John Kirby, a State Department spokesman, would not venture an opinion on what Tillerson should do to remove the appearance of conflict of interest.

He said the current secretary of State, John F. Kerry, and his wife agreed to divest a specific amount of assets within 90 days of Kerry’s confirmation. 

The last business leader of Tillerson’s level to serve as secretary of State was George P. Shultz, chosen for the post by Ronald Reagan in 1982. Shultz headed Bechtel Corp., a San Franciso-based construction and civil engineering behemoth with projects around the world.

Shultz signed a pledge not to participate in any decision that would affect Bechtel operations and divested himself of most investments in Bechtel, placing the proceeds in a blind trust.

Tillerson also is expected to face sharp questioning over his views on climate change, clean energy and the Paris agreement to slow global warming. Environmentalists and consumer advocates said they fear Tillerson will help lead policy away from curbing emissions to broader use of fossil fuels.

“Rex Tillerson would put the U.S. oil industry at the forefront of U.S. foreign policy at a time when it is facing extinction because there’s a global consciousness about climate change,” said Jamie Court, executive director of the advocacy group Consumer Watchdog.

Tom Steyer, the billionaire clean-energy advocate from California, called Trump’s pick “just a punch in the face to the rest of the world. [It says] we have no intention to do anything to move America forward in clean energy.”

Michael Brune, executive director of the Sierra Club, said Trump’s Cabinet contains “a who’s who of climate deniers and fossil fuel hacks, so we’re shocked but not surprised that he chose the head of one of the world’s largest and most environmentally disastrous oil companies to be his ambassador to the world.”

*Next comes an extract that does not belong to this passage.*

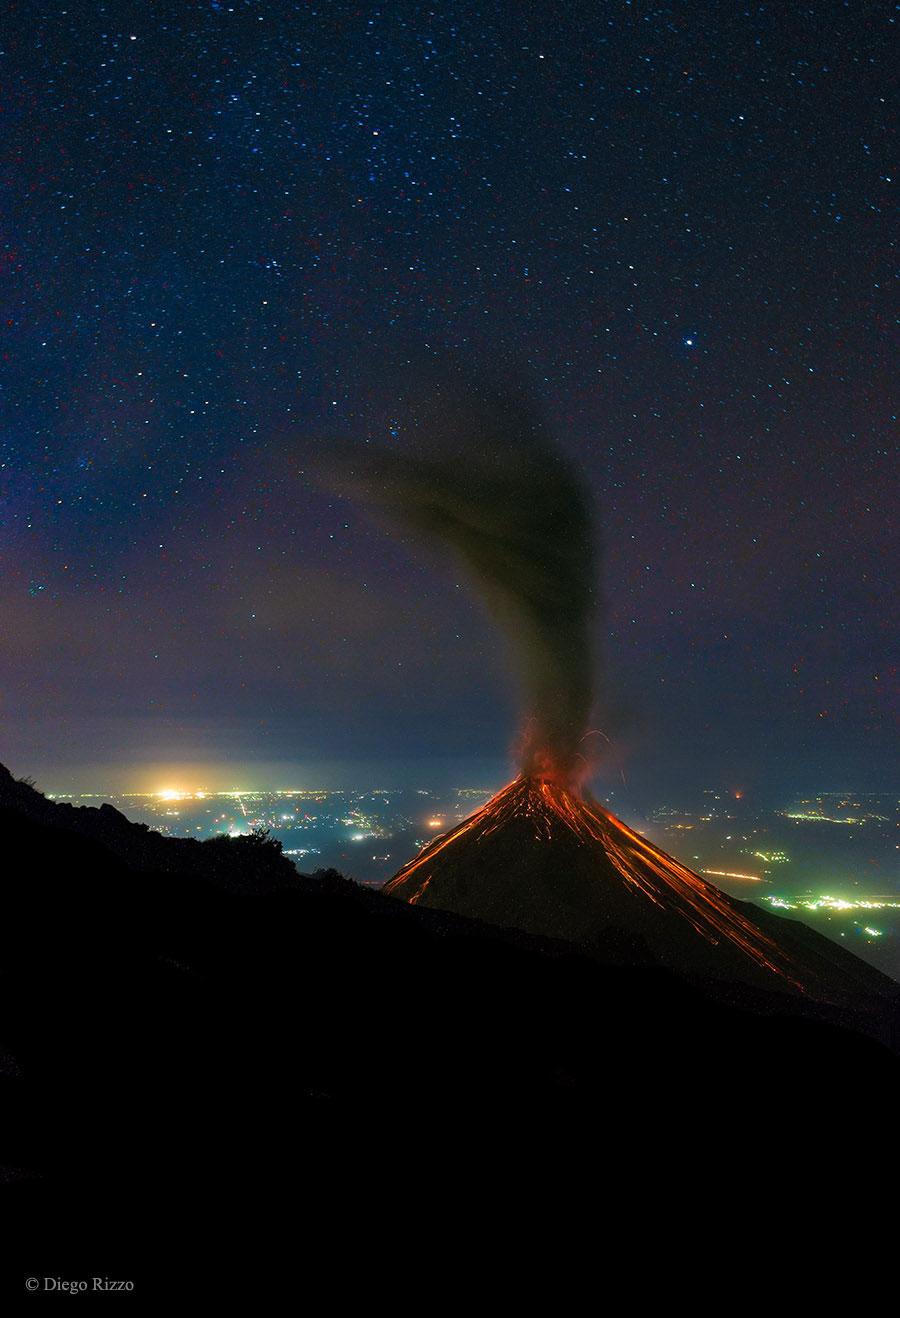 Volcán de lume en erupción baixo as estrelas

Publicly available information about Tillerson’s assets shows virtually all his investments are in Exxon Mobil or its affiliates.

He was paid $27.3 million in compensation in 2015. His pension was valued at $69.6 million and, according to data from FactSet, he owns about $240 million in company stock.

Wilkinson reported from Washington and Penn from Los Angeles. Staff writer Jim Puzzanghera in Washington and special correspondent Mansur Mirovalev in Moscow contributed to this report.